▶ _SOURCE MATERIAL_
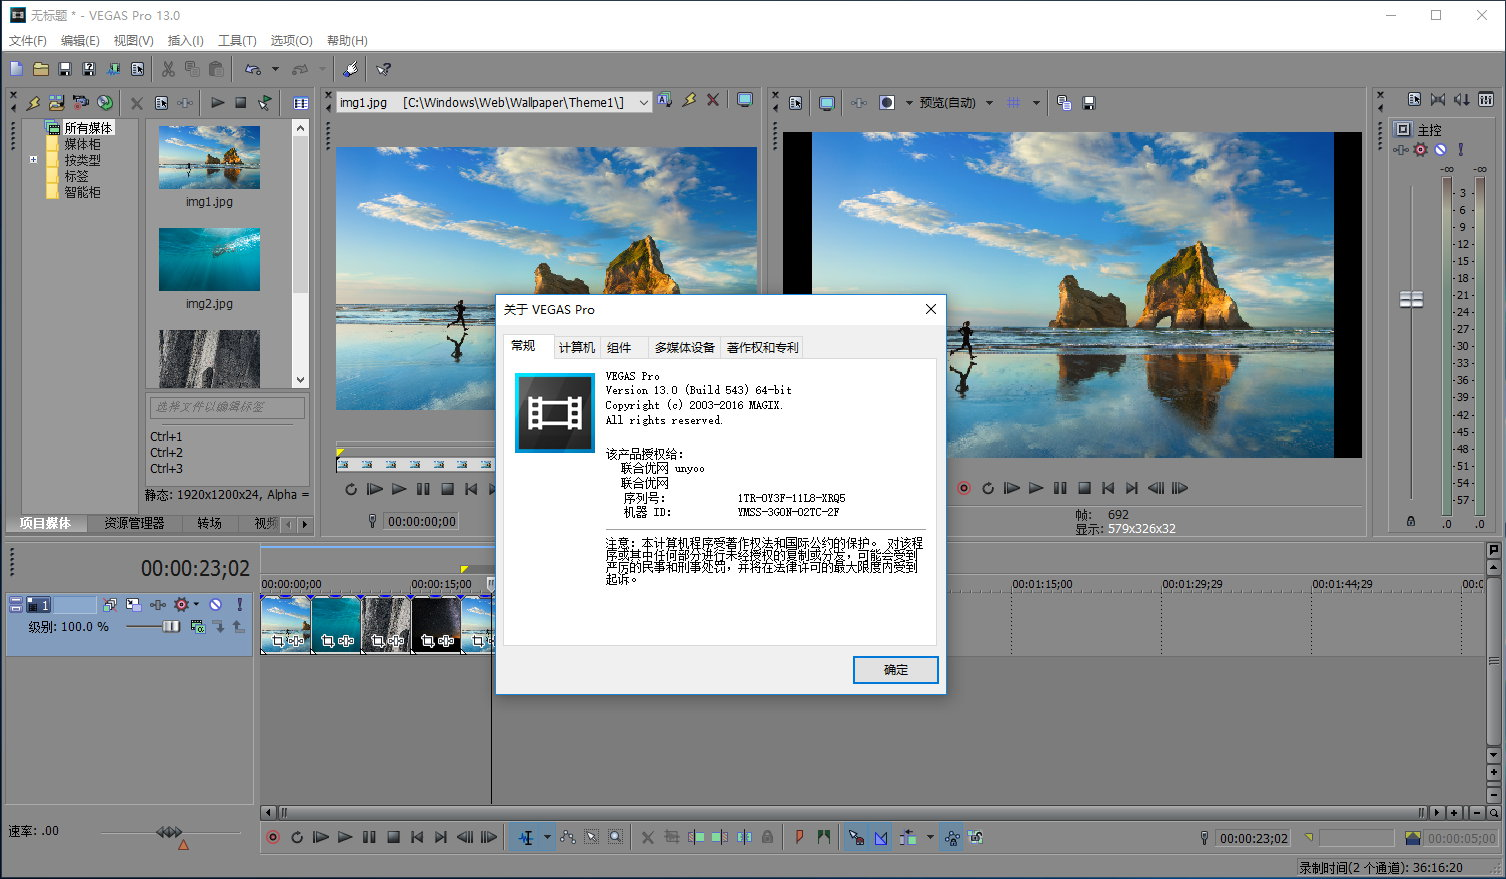 MAGIX Vegas Pro 13.0 Build 543 x64多语言中文注册版
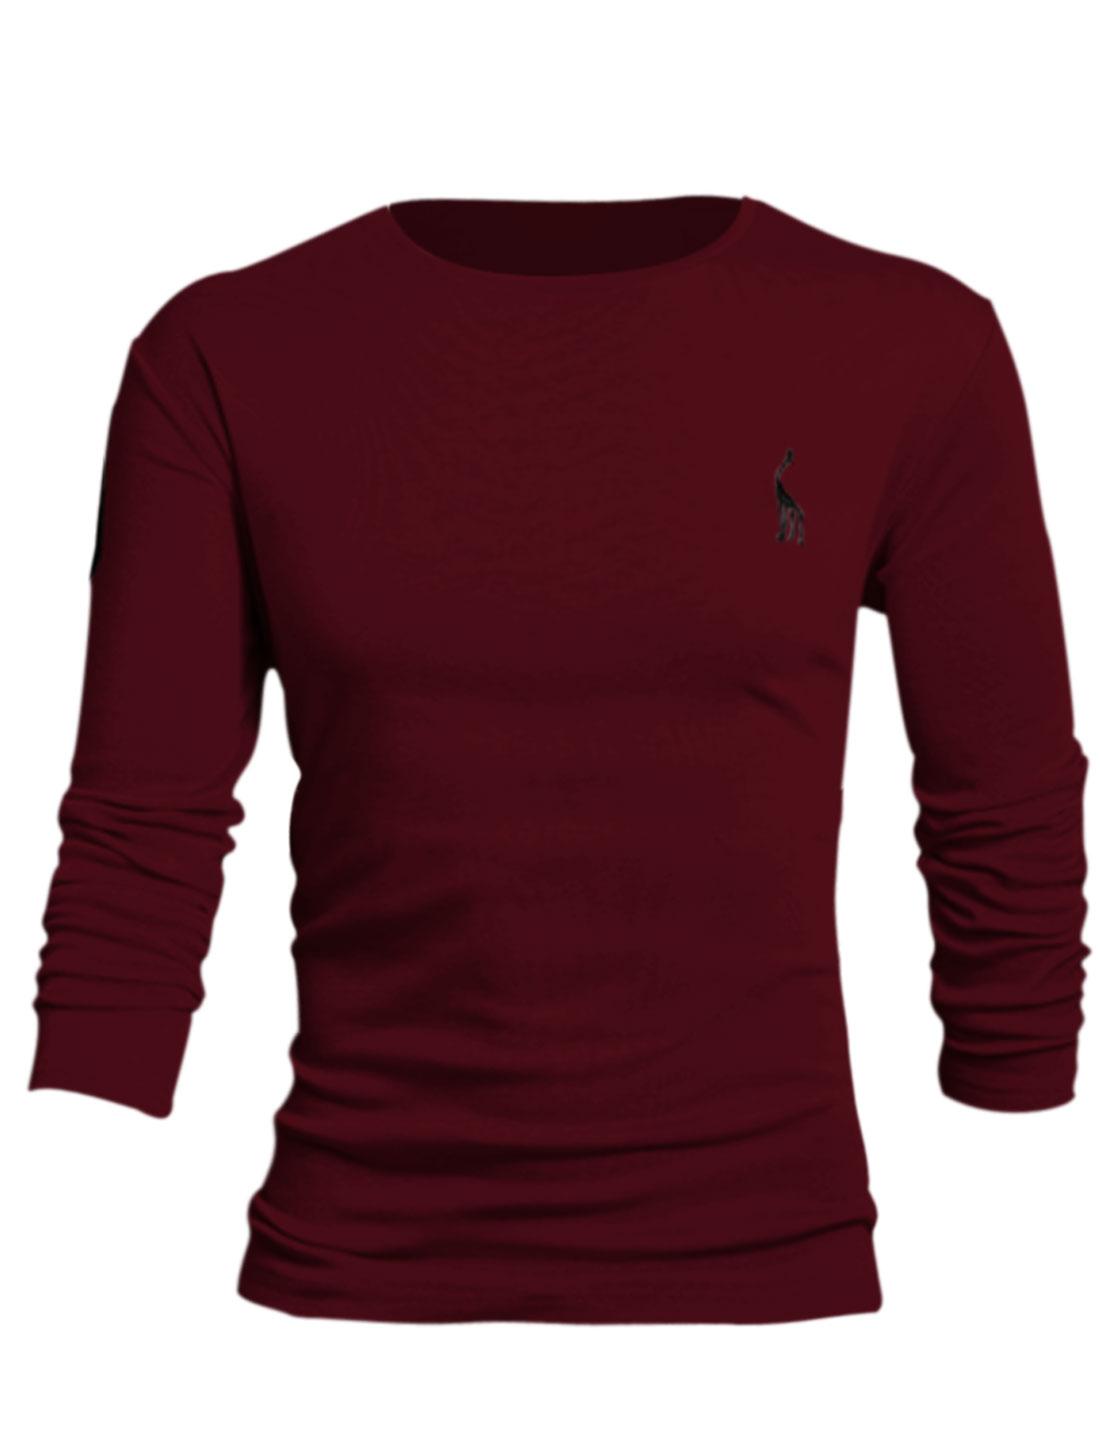 Men Deer Embroidery Slipover Design Stylish Style Tee Shirt Burgundy L
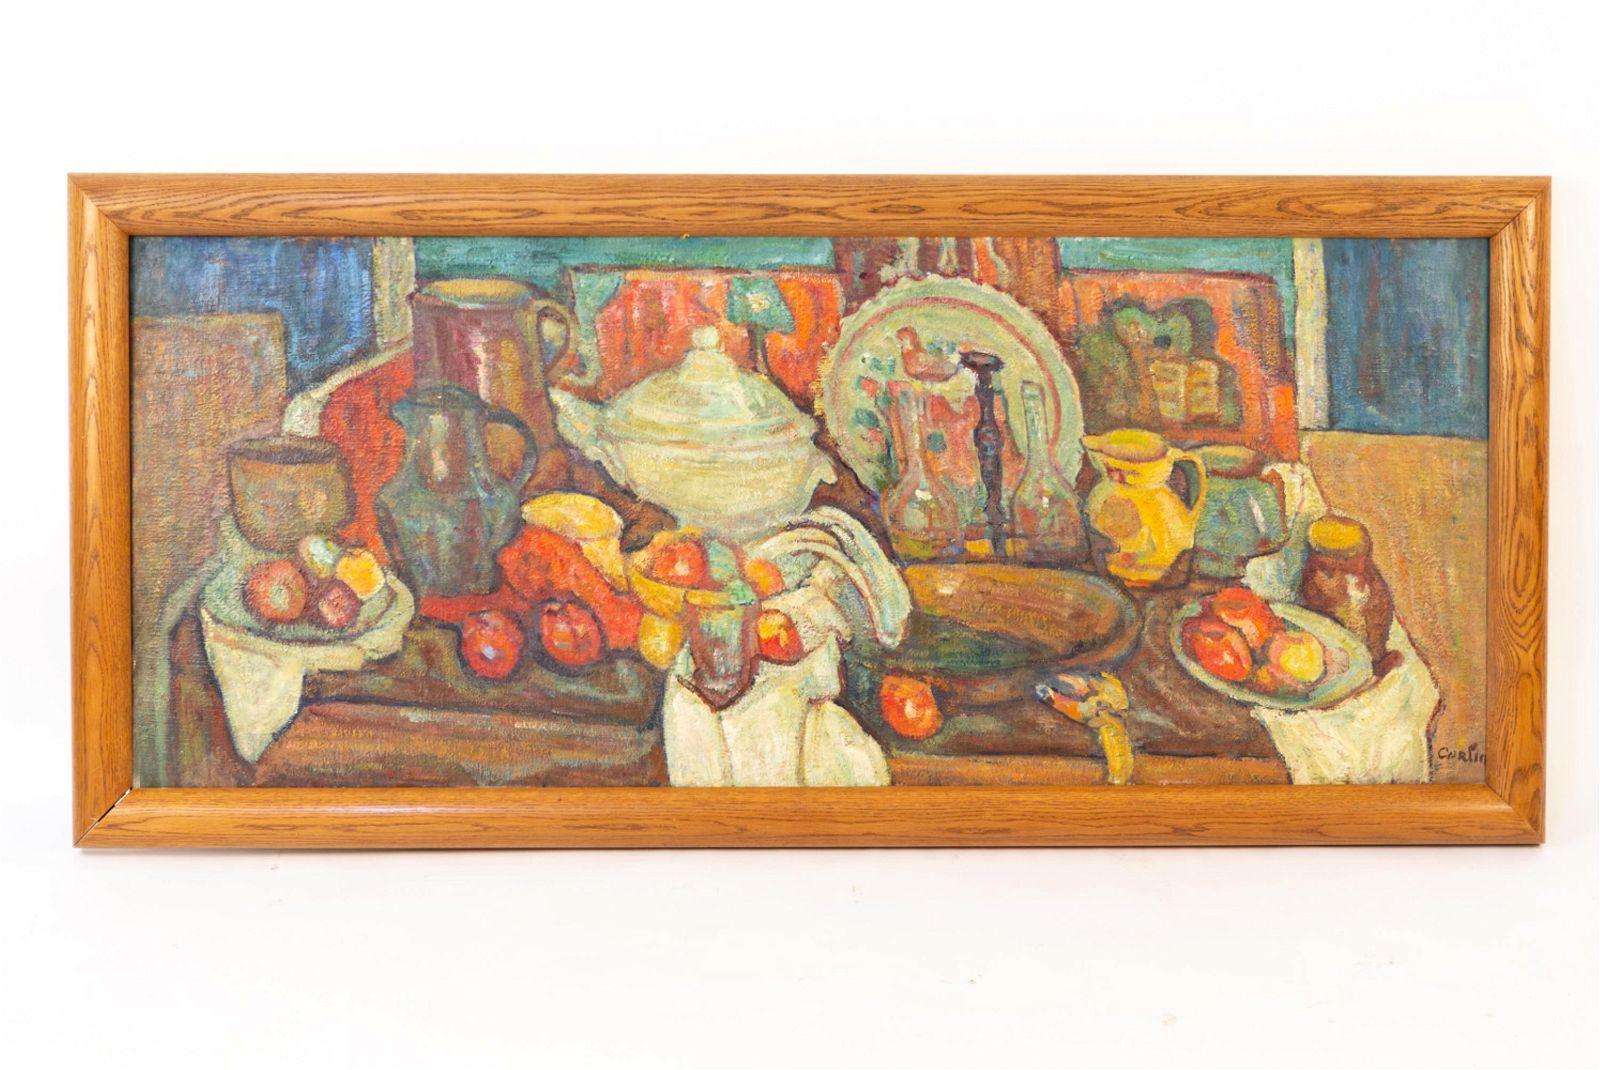 GUSTAVE CORLIN (FRENCH 1875-1969) STILL LIFE O/C
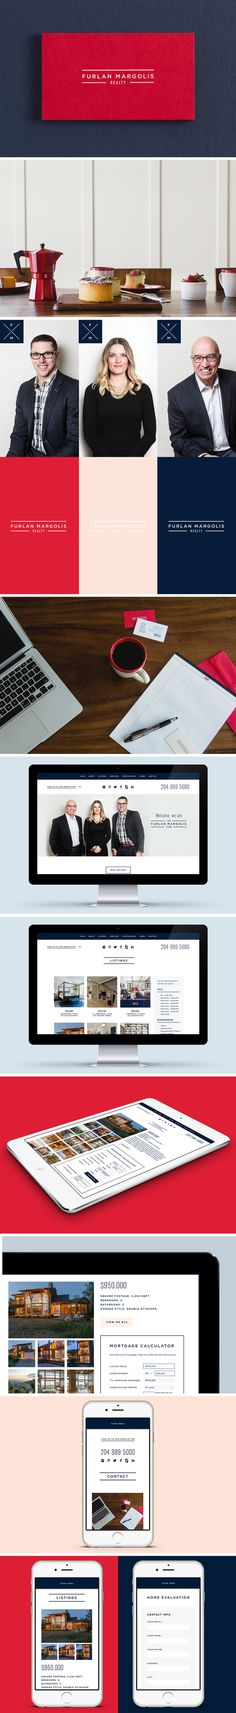 Furlan Margolis Brand Identity + Website Design - One Plus One Design #Brand #Identity #Website #Design #BrandIdentity #Branding
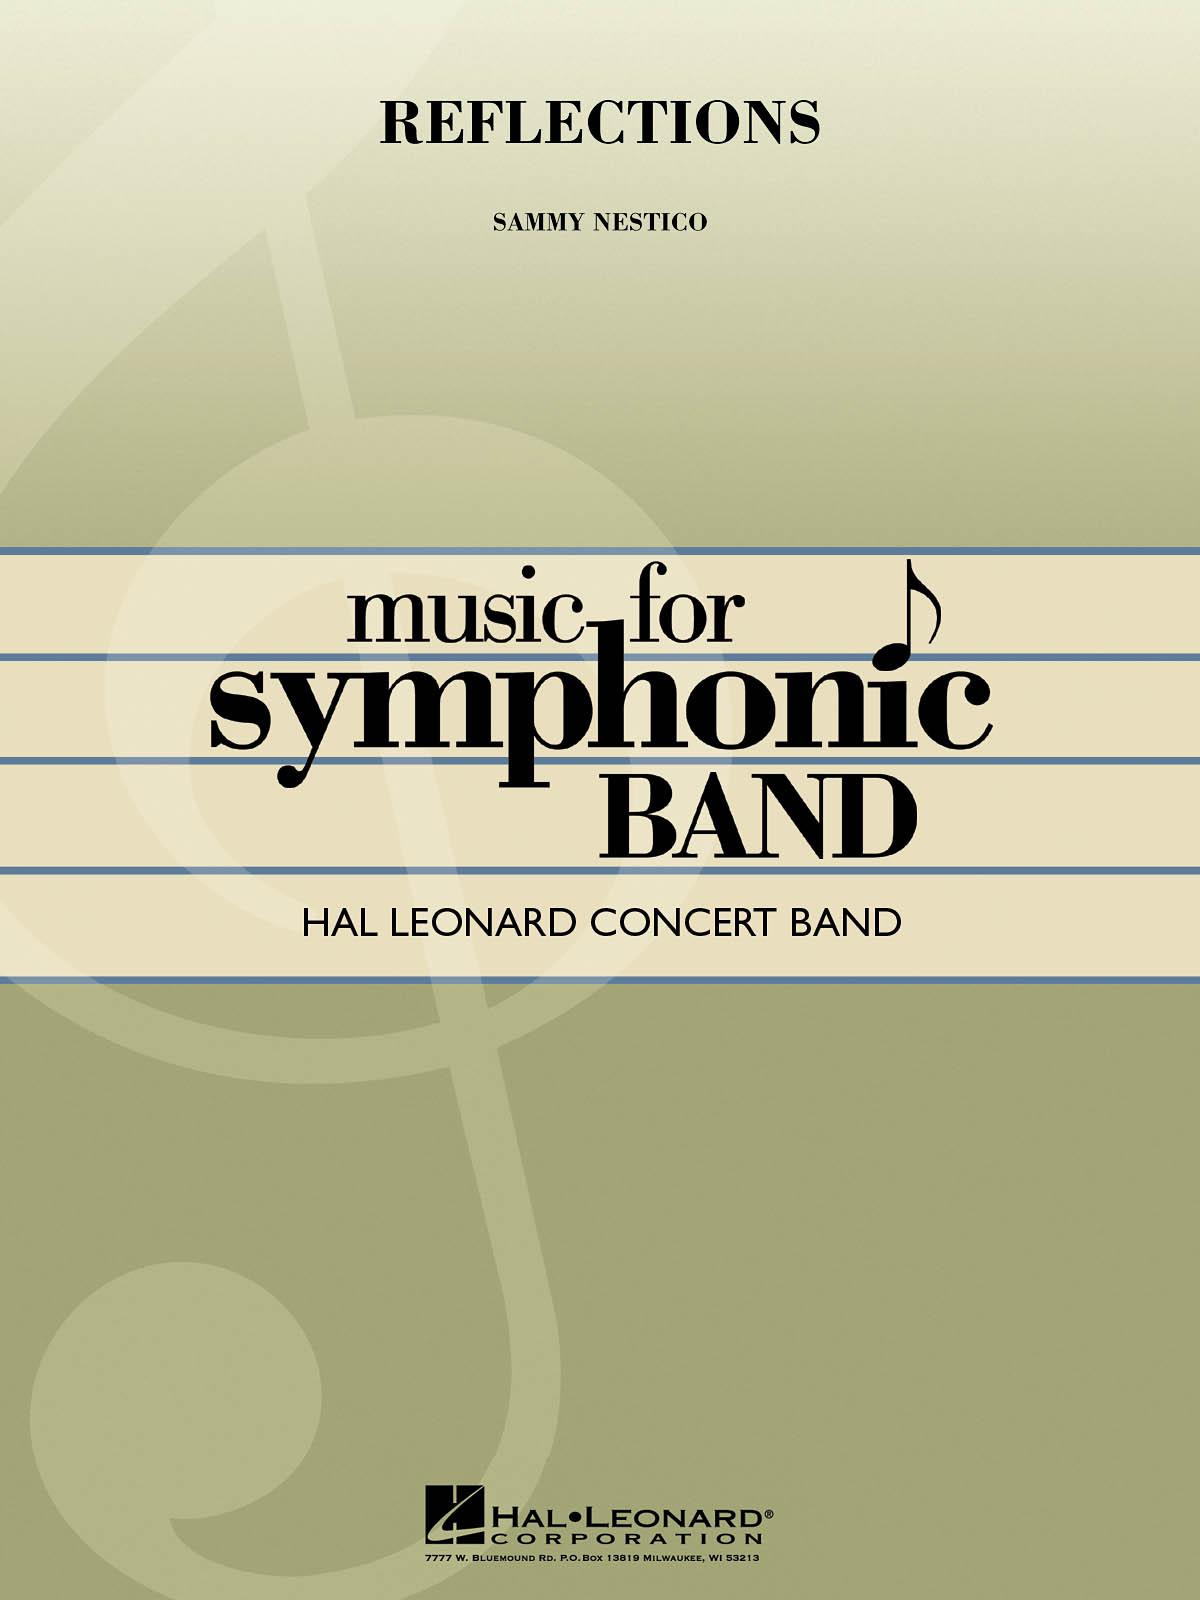 Sammy Nestico: Reflections: Concert Band: Score & Parts

▶ _WHAT IS REQUIRED_
Retype only the lines above from the one with "Men Deer Embroidery" through the last, both ends included, keeping every picture out of the copy.

▶ _SOLUTION FOR THIS TASK_
 Men Deer Embroidery Slipover Design Stylish Style Tee Shirt Burgundy L
 GUSTAVE CORLIN (FRENCH 1875-1969) STILL LIFE O/C
 Furlan Margolis Brand Identity + Website Design - One Plus One Design #Brand #Identity #Website #Design #BrandIdentity #Branding
 Sammy Nestico: Reflections: Concert Band: Score & Parts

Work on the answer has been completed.